All aspects of the trade life cycle, such as communications, connectivity, execution, processing, settlement and reconciliations will need to be optimised. This will likely mean embracing automation, including the use of APIs and cloud technologies and using straight-through processing, while reducing reliance on manual trade management processes and legacy infrastructures. Crucially, infrastructure will need to be resilient enough to withstand high transactional volumes and reduced settlement times while maintaining the integrity and security of existing operations. Interoperability and cohesion between different systems may be affected as financial firms adopt the necessary technologies, which will likely lead to more errors . Financial firms will also need to monitor the new architectures in order to mitigate against operational risks and bottlenecks.
The technological impact of T+1 will inevitably vary from firm to firm. Larger firms may have the funds to adopt automated technologies from technology vendors, or conversely, already have the relevant infrastructure in place. However, smaller firms may have to relocate operational teams if the increased technology expenditure is unfeasible.
Generally speaking, buyside firms’ technology will need to become more nimble and operate in real time. For example, due to T+1, the buyside will need technology that supplies prime brokers with real-time trade details as trades are matched between the asset manager and executing broker. Currently, buyside firms deliver trade data to executing brokers and prime brokers separately, which would not be appropriate for T+1 settlement if there were any trade discrepancies.

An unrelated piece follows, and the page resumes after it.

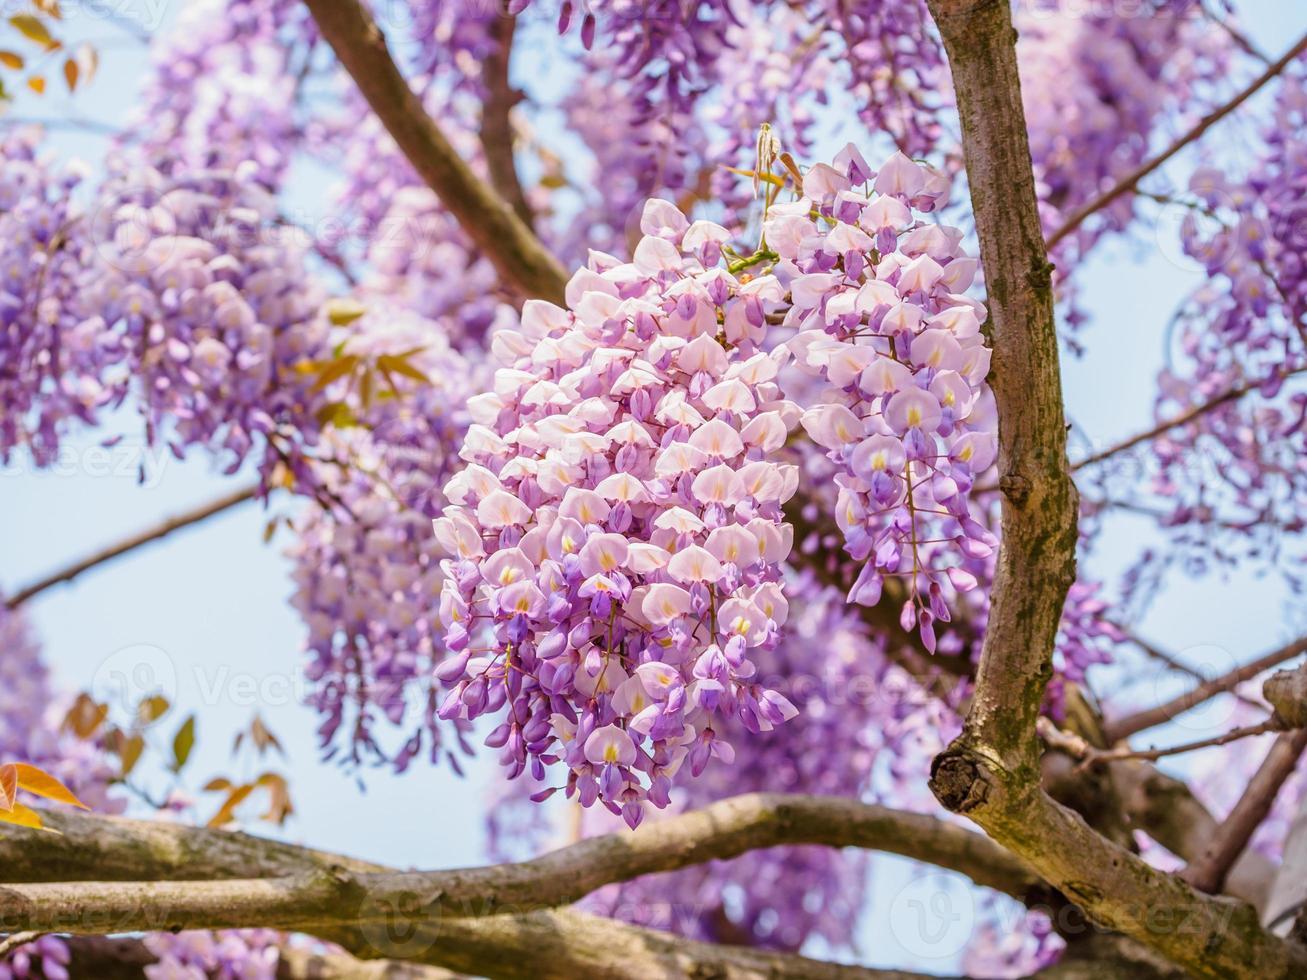 serie de flores de primavera, glicina púrpura foto

Sellside firms will require something akin to a real-time view of cash flows and inventories across the organisation. According to Broadridge, most firms currently do not have a holistic, real-time overview of their inventories, with positions spread between multiple DTCC accounts across multiple business lines and jurisdictions.
Business impact
In a T+1 settlement cycle, if a trade is executed today, the confirmation or affirmation process should occur on the trade date, effectively leaving no margin for error.
It is key to note that the adjustment to the T+1 settlement cycle is not only a post-trade issue faced by post-trade divisions in firms, but rather, one faced by the entire firm. Critical business areas, ranging from front office trading desks to back office accounting and reconciliations teams will have to increase the speed and precision in which they carry out their daily duties. For example, the back office will need to come up with a process of swiftly updating and managing account information to provide the front office with an accurate overview of the actual cash balance available to them before executing a trade. Some middle office departments will now largely have to re-paper client agreements and shift to e-contracts. Given these increased pressures, a more unsettled and frenetic workflow could ensue. Again, this could lead to more errors being made, especially if personnel don’t have the sufficient skill sets to operate new technologies. Generally speaking, the shift to T+1 settlement will require a new mindset for financial firms, with automation having to override familiar but equally inefficient processes, such as batch processing. In addition to technical expertise, softer skills such as organisation and communication across different business departments will be of paramount importance.
The significance of the impact felt by financial firms in the new settlement cycle is also determined by the size and location of a firm’s core business. Smaller firms may find the reduced settlement cycle harder to deal with than larger ones, due to disparities in the size of teams who have to deal with the same, tighter settlement deadlines as their larger counterparts, while also fulfilling other duties. It may be necessary for headcounts to be increased or for the working hours of employees to be altered through implementing shift work.
In-scope firms will also need to adjust to time zone constraints, with businesses needing to exercise the possibility of outsourcing, or re-locating employees. As shown in part two of this three-part series, firms in the APAC region are set to be most affected by time zone challenges.